Z wiedźminem było tak że to ludzie sami się zorganizowali i sami stworzyli grę która wyszła świetnie a menagerki zbierali pochwały.
Teraz gdy stara gwardia odeszła w siną dal i przyszli nowi ludzi którymi trzeba pokierować to ups kibel - no i się skończyło jak skończyło. Dodatkowo teraz gdy są potrzebne zdecydowane działania to widać jak cdr się miota i nie wie w którą stronę pójść - smutne ale prawdziwe

#cyberpunk2077 #cyberpunk #cdprojektred
  • 16
via Wykop Mobilny (Android)
  • 21
@fiman: ja to widzę u siebie w firmie, jedna z największych w Polsce, prawie 100 000 pracowników. Centrala firmy poprzez jednostki terenowe i kadrę menadżerską pyta o spostrzeżenia szeregowych pracowników na temat firmy. Oczywiście kadra menadżerska nie wnosi żadnych uwag i nawet nie pyta podwładnych o zdanie, nie zgłasza też żadnego zapotrzebowania żeby wykazać oszczędność, nie zgłasza też zapotrzebowania na większą ilość pracowników bo obecna ekipa nie wyrabia się z obowiązkami.
@zirytowana_plaszczka: wszędzie tak jest, chyba w większości firm. Sam pracuję w jednej z firm IT i osoba na stanowisku managera nigdy nie robiła tego co robię ja. Patrzy tylko na wyniki na koniec miesiąca, dodatkowo poucza - jednocześnie nie mając zielonego pojęcia o robocie, którą wykonuje. Smutne, ale prawdziwe.

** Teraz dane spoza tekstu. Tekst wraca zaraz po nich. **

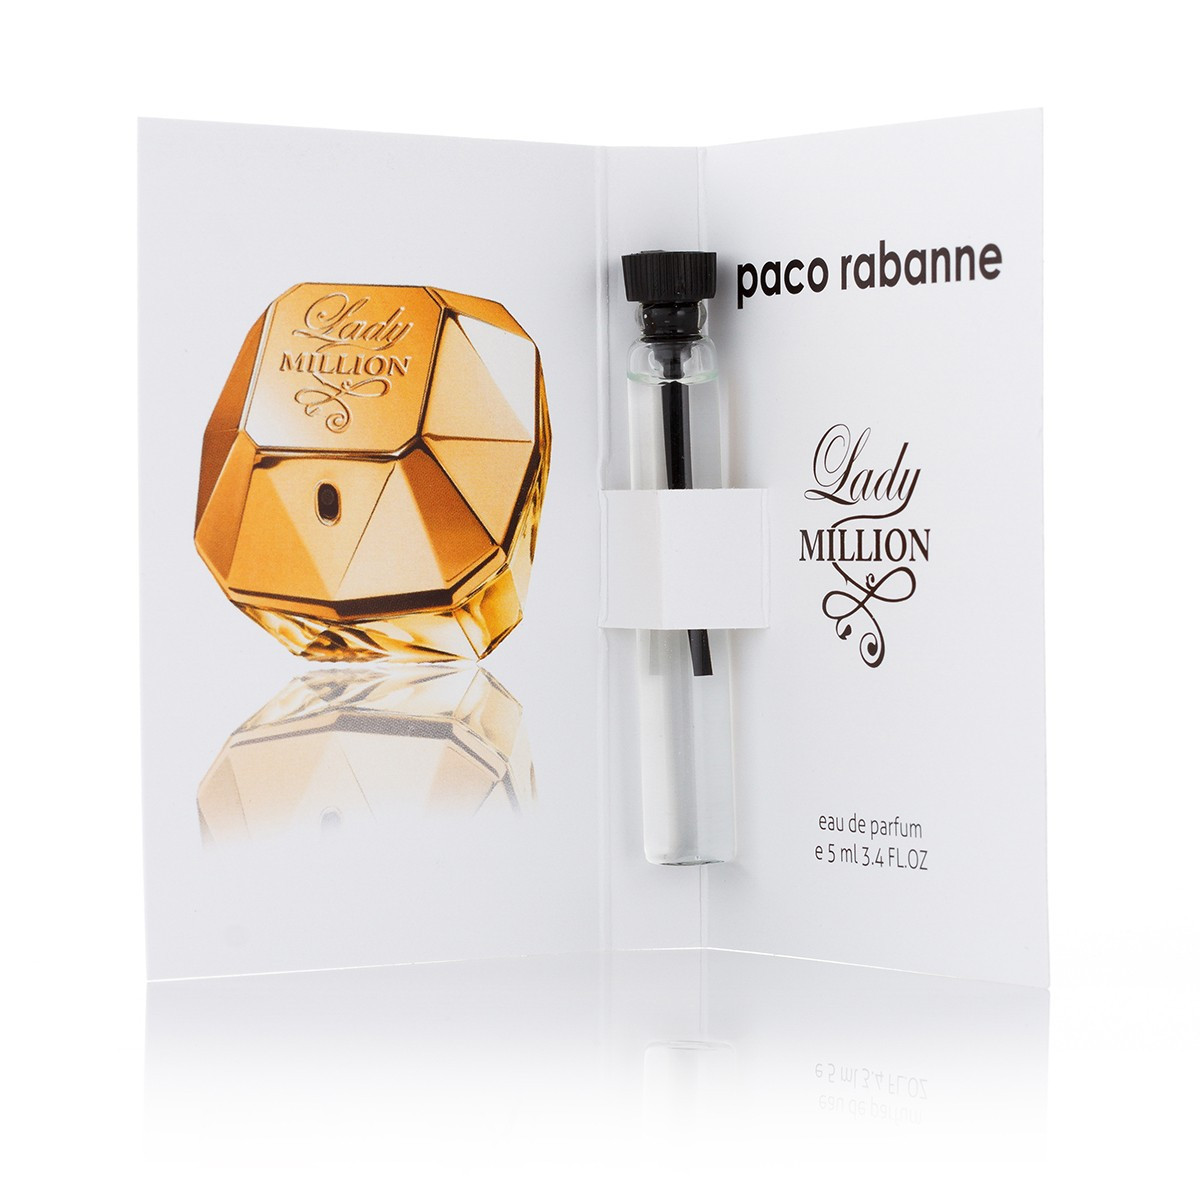 Paco Rabanne Lady Million - Sample 5ml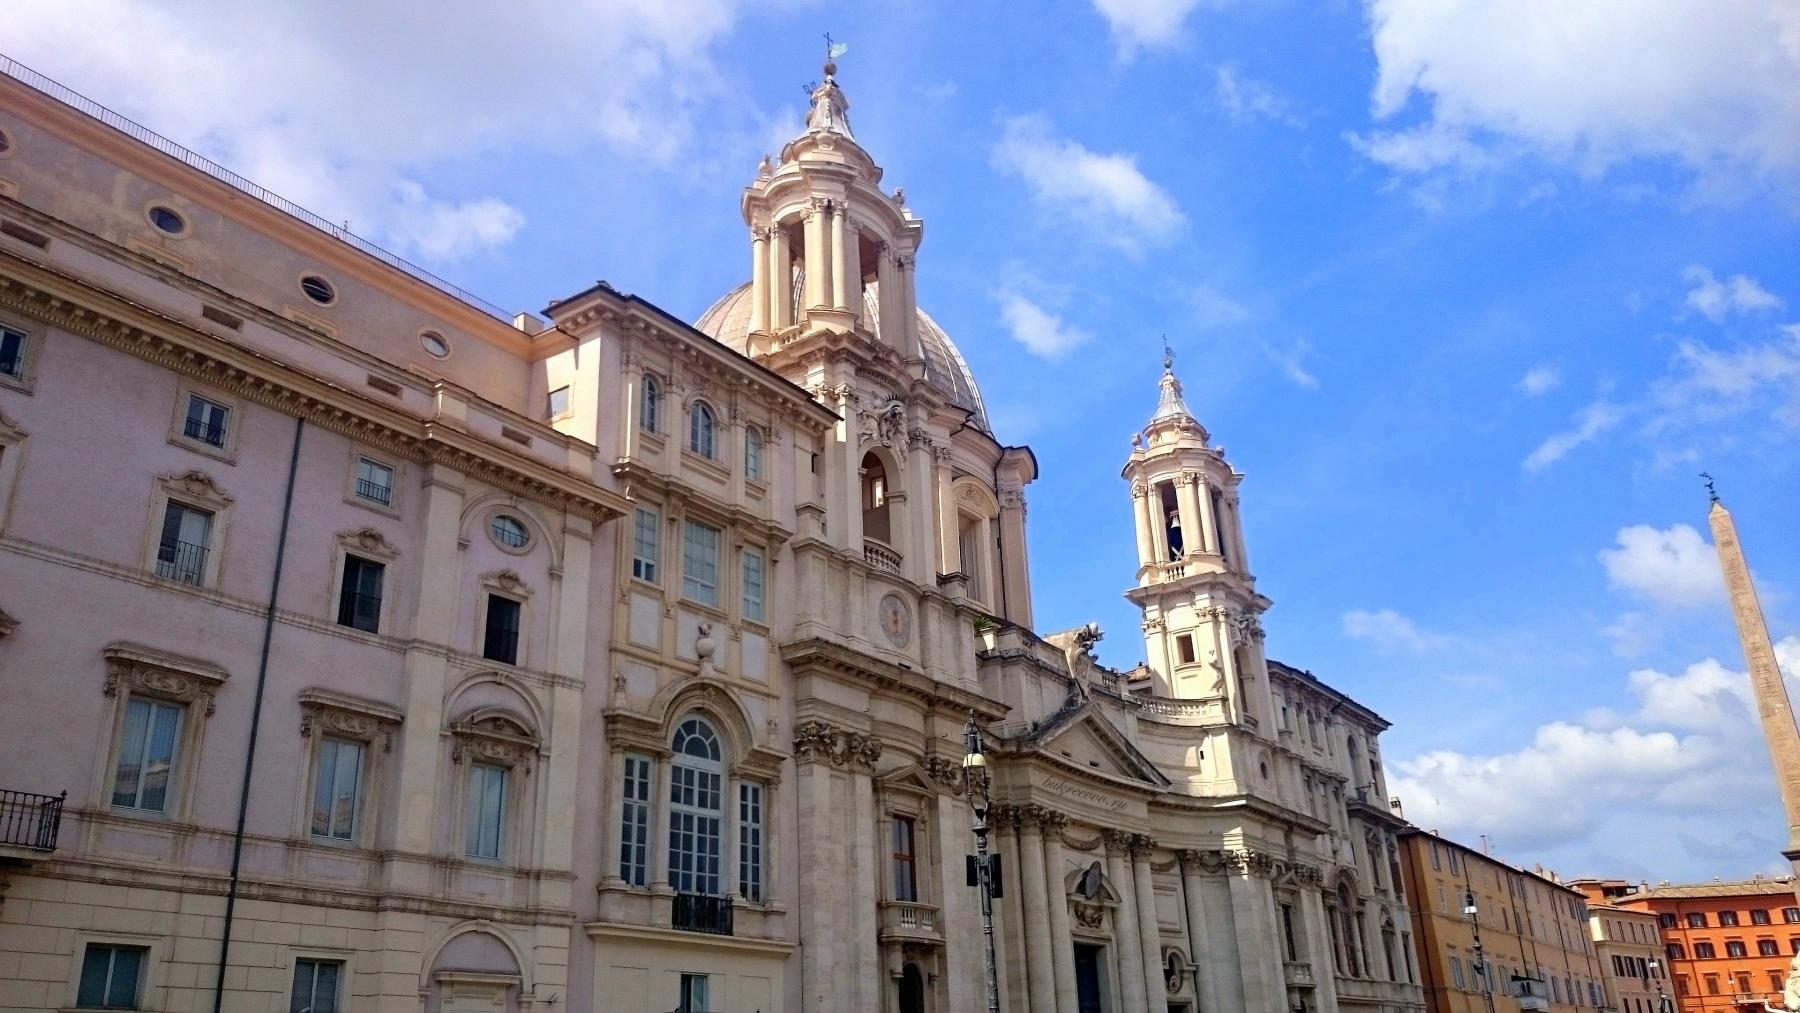 Piazza Navona 53

@iksboks: ale czemu ma się znać na robocie? Żeby stosować mikromanagement? Żeby ci technicznie doradzać?
via Wykop Mobilny (Android)
  • 5
@lukaszzz: żeby zrozumieć że nie wszystko jest takie pyk pyk pyk i działa, zdarzają się komplikacje które zabierają czas. Znam gościa który wyliczał ile sekund ma zająć jeden spaw, a o spawaniu wie tyle że istnieje. Czasu na rozłożenie sprzętu, przygotowanie materiału, dojazd na miejscu pracy nie liczył. Ale 30 sekund na jeden spaw już tak.
@fiman: Ja pracuję w IT i u nas team leaderki zarabiają dużo mniej niż techniczni członkowie zespołu xD

W sensie nie chodzi o to, że śmieję się z zarobków, ale z hierarchii. Dla mnie logicznym jest, że team leadera sie wybiera spoza najlepszych pracowników. A u nas są techniczni, pracują sobie i krzątają nam się między biurkami jakieś panienki nie wiem po co.
Znam gościa który wyliczał ile sekund ma zająć jeden spaw, a o spawaniu wie tyle że istnieje.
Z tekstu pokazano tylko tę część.